Poiché il principio di equivalenza non rappresenta una novità del nuovo Codice dei contratti pubblici, è tutt'ora attuale il principio giurisprudenziale consolidato, a mente del quale, il giudizio di equivalenza formulato dalla Commissione di gara, espressione di discrezionalità tecnica, è sindacabile dal giudice amministrativo solo per manifesta illogicità, irragionevolezza o travisamento dei fatti, non potendo il giudice sostituire la propria valutazione a quella dell'amministrazione.
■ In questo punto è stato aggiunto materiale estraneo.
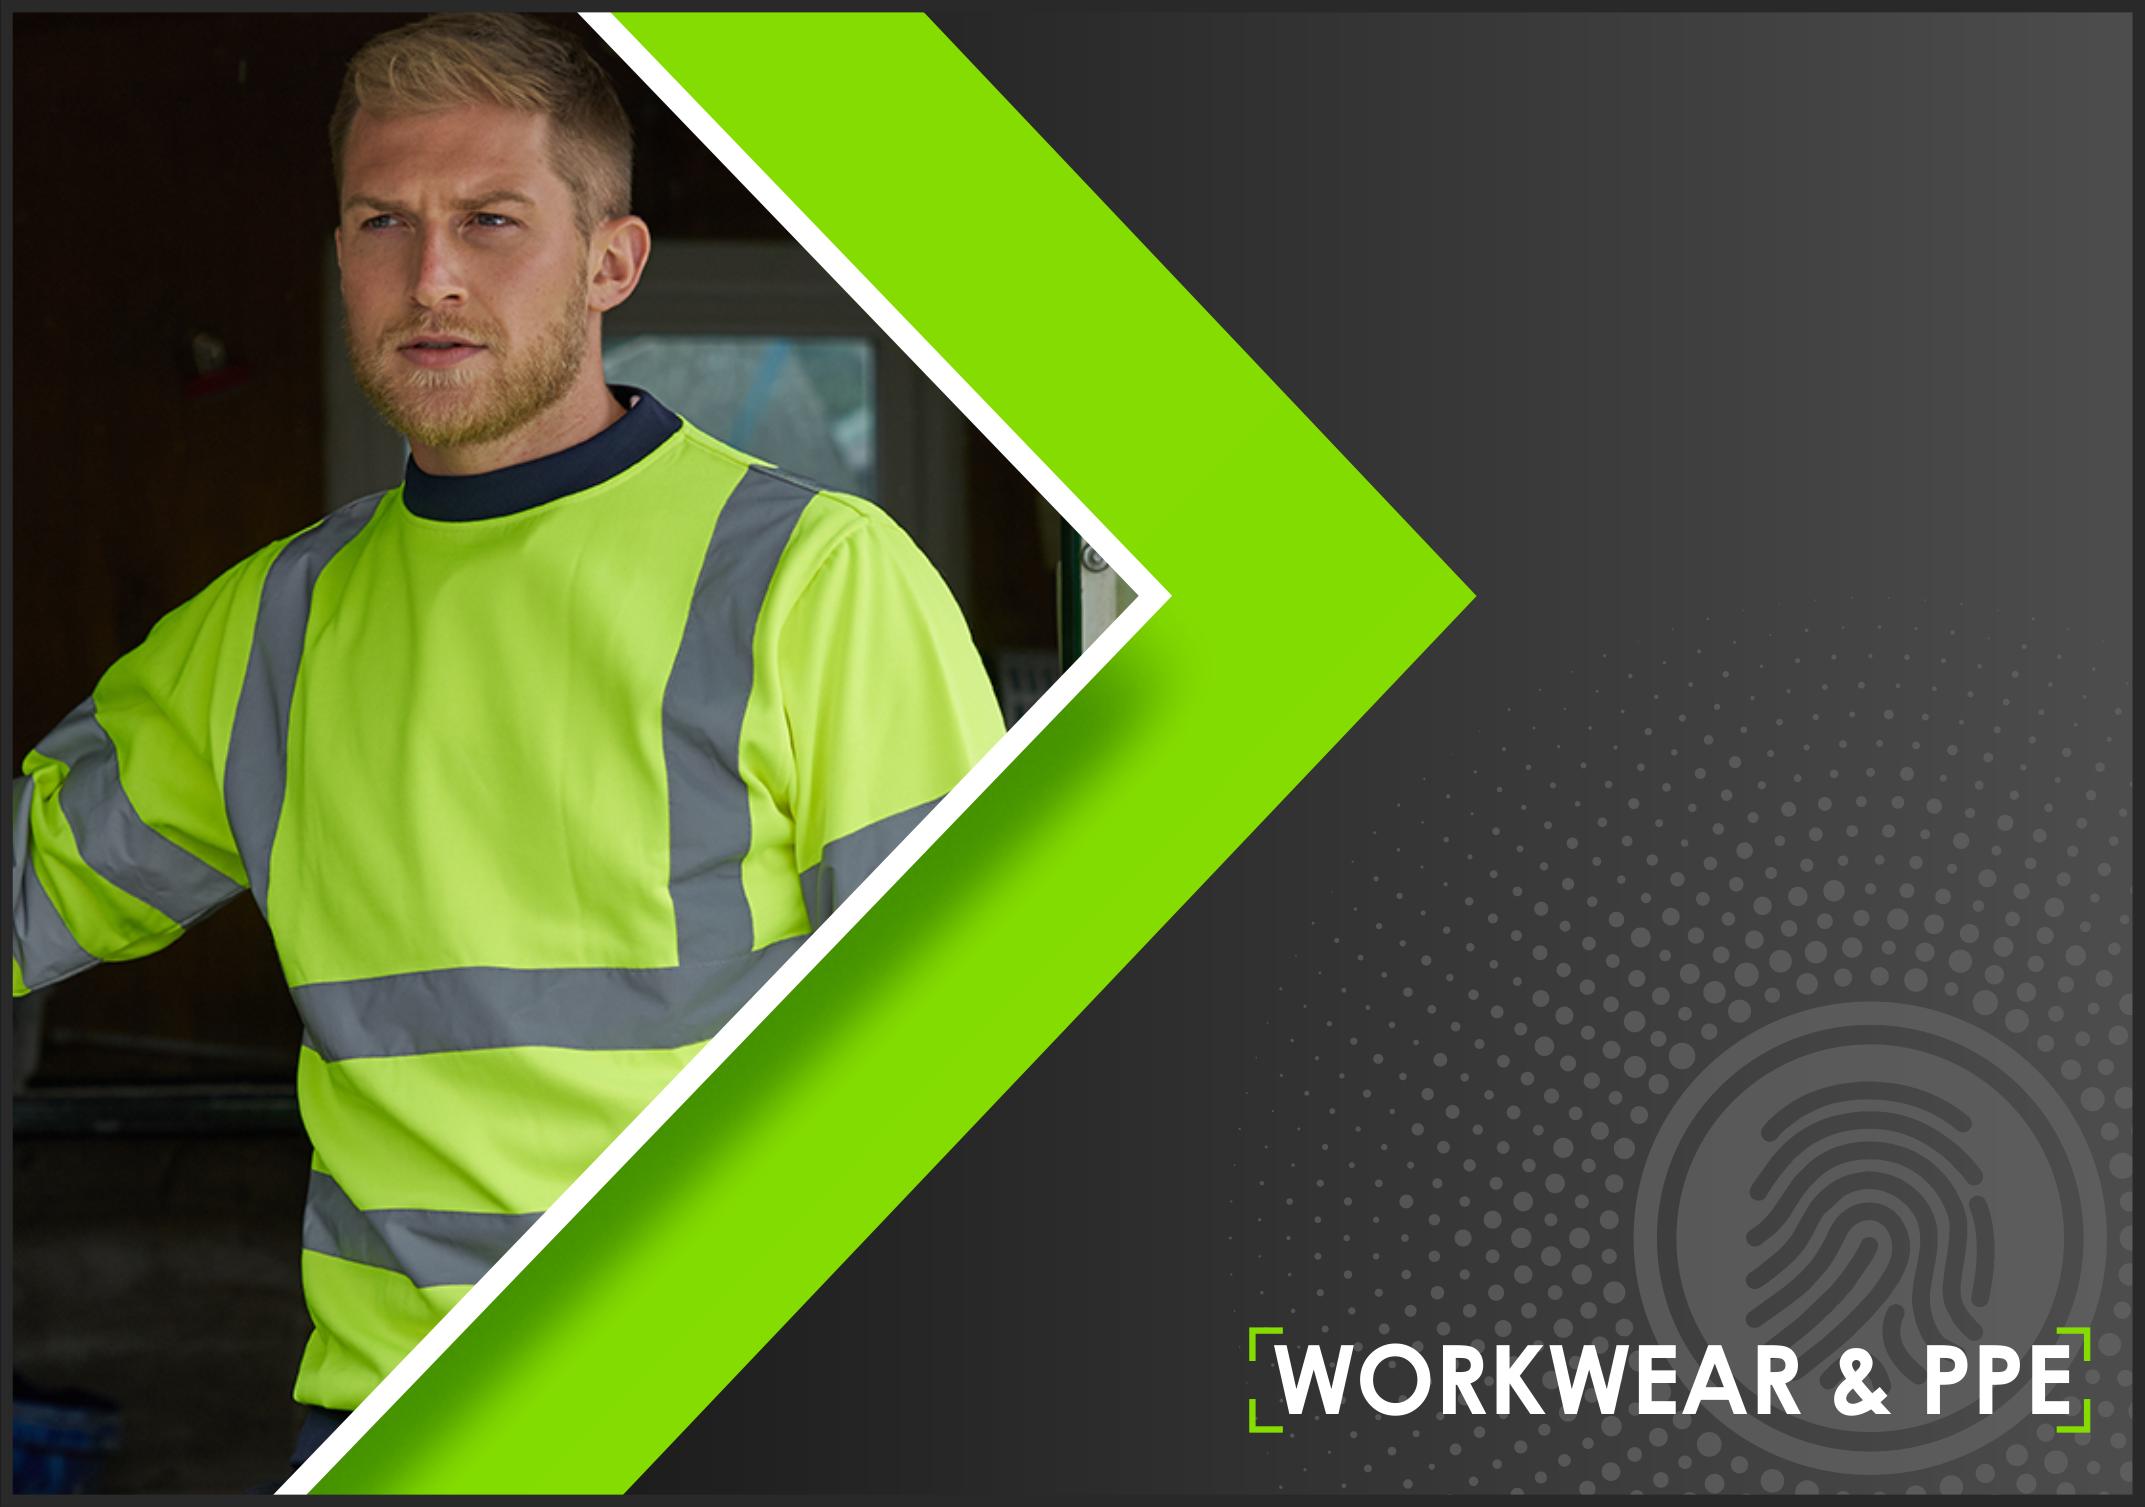 Workwear & PPE 1.0

Per giurisprudenza altrettanto pacifica, il principio di equivalenza trova applicazione indipendentemente da espressi richiami negli atti di gara o da parte dei concorrenti in tutte le fasi della procedura di evidenza pubblica e la commissione di gara può effettuare la valutazione di equivalenza anche in forma implicita, ove dalla documentazione tecnica sia desumibile la rispondenza del prodotto al requisito previsto dalla lex specialis.

La stazione appaltante deve valutare la conformità dell'offerta non tanto in senso formale, quanto piuttosto in senso sostanziale, dovendo verificare, sulla base di quanto contenuto negli atti di gara, se il prodotto offerto dalla concorrente sia funzionalmente rispondente alle esigenze dell'Amministrazione, secondo il principio di equivalenza, vigente negli appalti pubblici, che sottende una valutazione di omogeneità funzionale tra soluzioni, prodotti o dispositivi tecnici, ravvisabile ogni qual volta questi siano in grado di assolvere, in modo sostanzialmente analogo, alla finalità di impiego loro assegnata. In sede di gara pubblica, il principio di equivalenza trova il proprio limite nella difformità del bene o del servizio, rispetto a quello descritto dalla lex specialis, ovvero quando venga a configurarsi un'ipotesi di aliud pro alio non rimediabile.